Quella difesa sta facendo più lavoro di quanto appaia a prima vista. L'assistenza alla modifica è, secondo la maggior parte delle politiche universitarie, del tutto permessa, e la distinzione tra uno strumento che corregge le tue frasi e uno che le scrive è esattamente la distinzione che le università hanno trascorso tre anni a non codificare.
Non tutti a Berkeley sono stati persuasi. Hannes Bajohr, che insegna tedesco all'università e scrive sull'autorialità delle macchine, ha detto al giornale che l'episodio “sembra una frode”, o almeno qualcosa di disonesto, in assenza di una divulgazione al momento della pubblicazione.

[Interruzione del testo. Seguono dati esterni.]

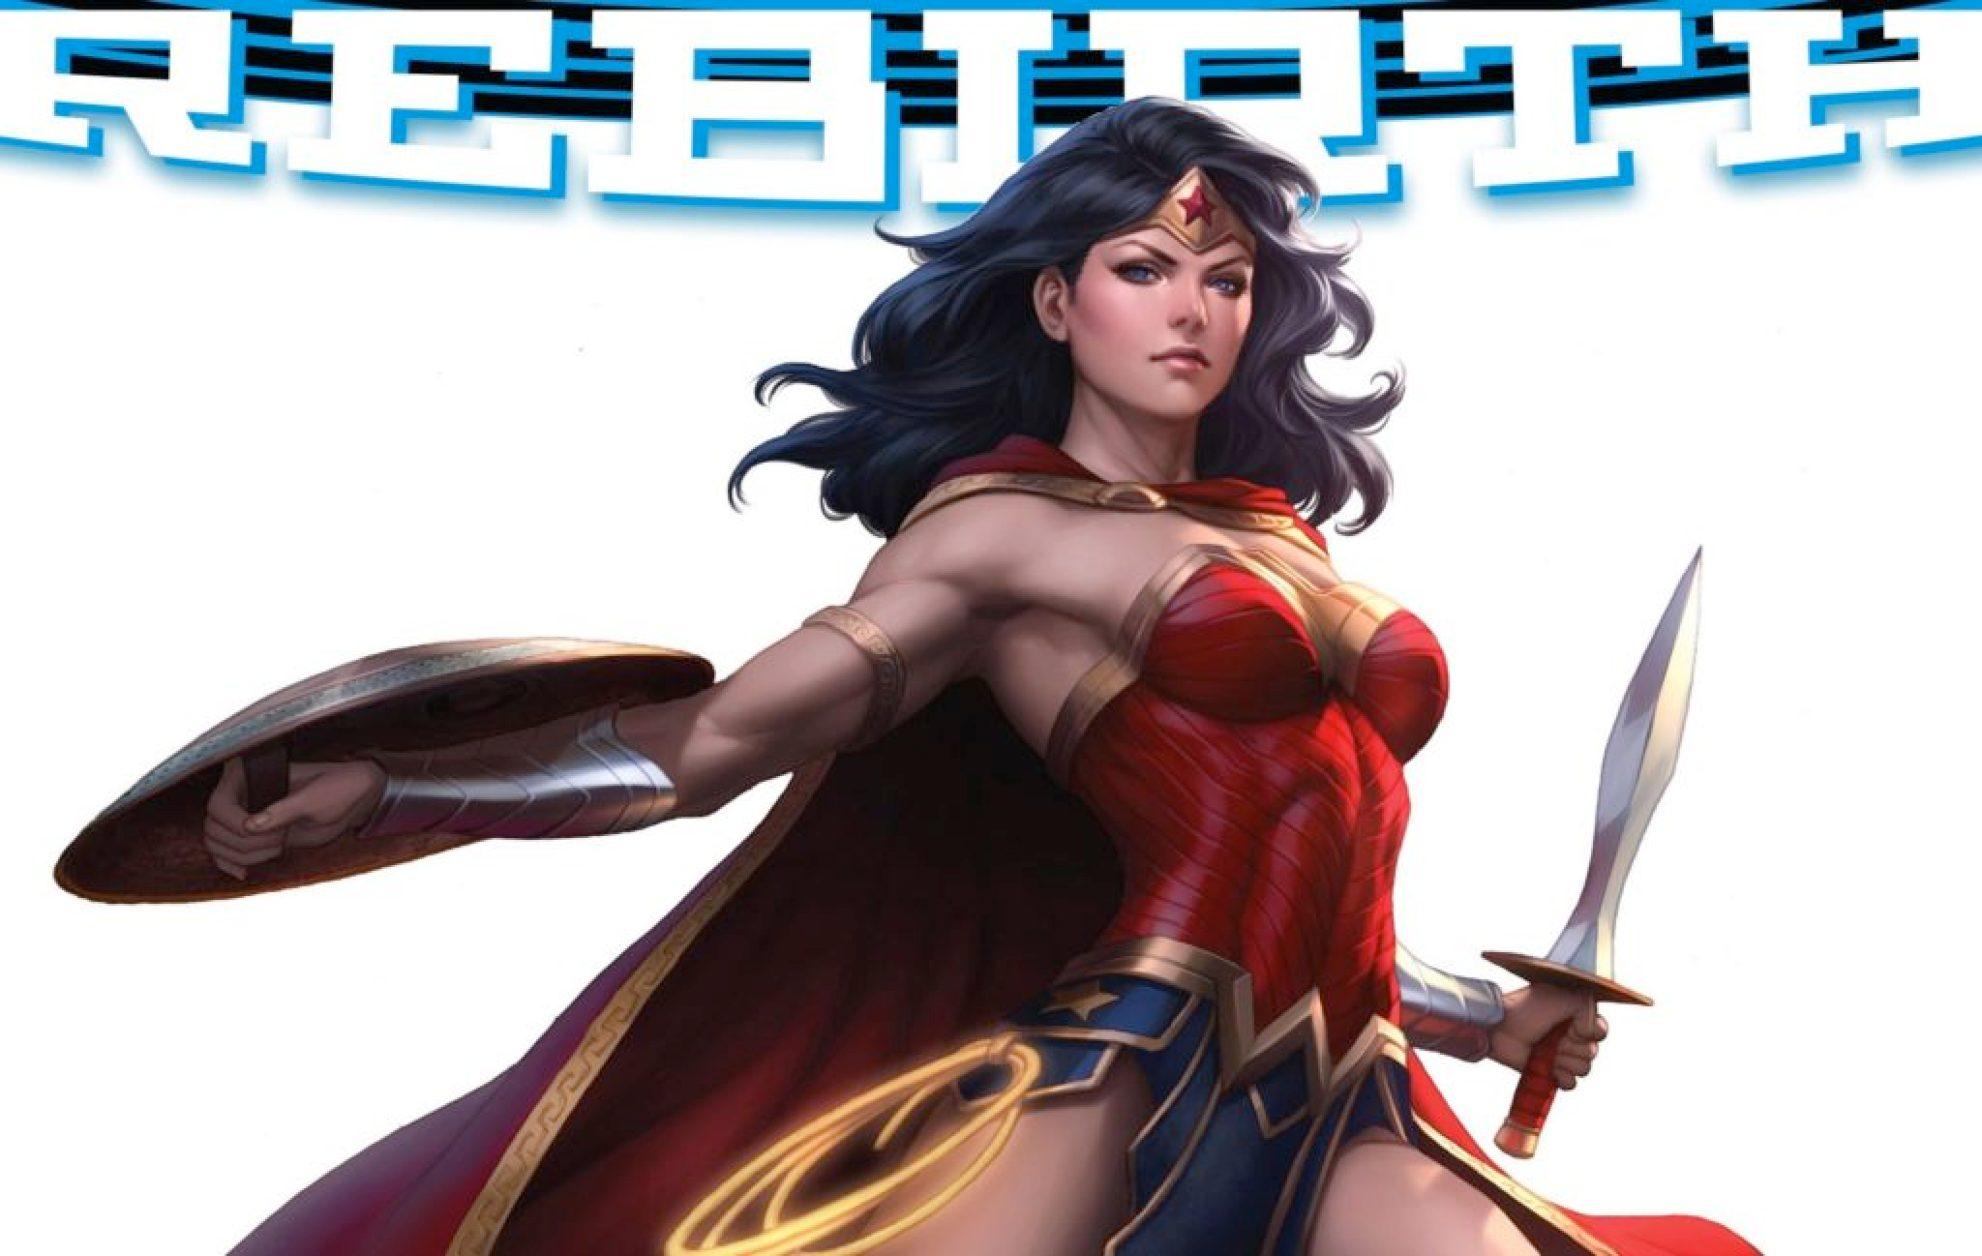 Wonder Woman Rebirth #1 from DC Comics

L'articolo di opinione sottostante fa affermazioni che meritano un'analisi a parte, e non sono affermazioni banali. Stankova riporta che prima del 2020, quando i test erano ancora richiesti, il 71% dei suoi studenti di Calcolo I erano pronti o quasi pronti per il corso, e che nel 2023 la cifra era scesa al 26%, con il punteggio diagnostico più comune pari a zero.
Cita anche le disparità nelle ammissioni tra le scuole della Bay Area e nota che cinque premi Nobel, tra cui Jennifer Doudna, hanno firmato lettere aperte chiedendo il ritorno dei test standardizzati. Quelle cifre provengono dalle sue stesse diagnosi in aula e dal materiale di campagna, e l'università non ha pubblicato una smentita di nessuna delle due.
Ciò che rende l'episodio imbarazzante piuttosto che semplicemente imbarazzante è l'argomento trattato. Un argomento sull'integrità intellettuale, scritto in parte con uno strumento per il quale gli studenti vengono disciplinati, è il tipo di cosa che sarebbe troppo ordinata per la finzione.
Si verifica anche in un semestre in cui la facoltà di informatica di Berkeley ha segnalato tassi di fallimento in aumento insieme a un uso maggiore dell'AI nei corsi, il che suggerisce che il campus sta conducendo due conversazioni sulla stessa tecnologia e non le ha collegate.
La questione della rilevazione non è risolta nemmeno. Pangram è tra gli strumenti più credibili in un campo scarso, ma i ricercatori indipendenti hanno sostenuto che il suo tasso di falsi positivi è sottovalutato, e un punteggio del 33% è una stima di probabilità piuttosto che una confessione.
I detector sono stati chiamati ad arbitrare l'autorialità in luoghi più strani, incluso un progetto che ha passato gli scritti del Papa attraverso di essi per la certificazione. Ciò che nessuno di essi può attualmente fare è distinguere una bozza umana leggermente modificata da una macchina fortemente sollecitata, che è il caso che conta davvero.
Le facoltà altrove hanno preso il problema dell'applicazione nelle proprie mani. Un professore della Brown University ha riportato le sue valutazioni in esami in presenza supervisionati e ha prodotto, di fatto, una misurazione controllata di quanto del lavoro dei suoi studenti fosse stato svolto dalle macchine.
La regolamentazione non è progredita. Sotto il regime di etichettatura dell'UE, un articolo scritto da AI può rimanere senza etichetta mentre un'email corretta riceve un contrassegno, e le università americane non hanno nulla di equivalente a cui fare riferimento.
Né Stankova né il San Francisco Standard hanno detto se verrà aggiunta una divulgazione all'articolo. L'argomento che fa sulle ammissioni UC non è stato ritirato e rimane, per il momento, il più significativo dei due contenziosi.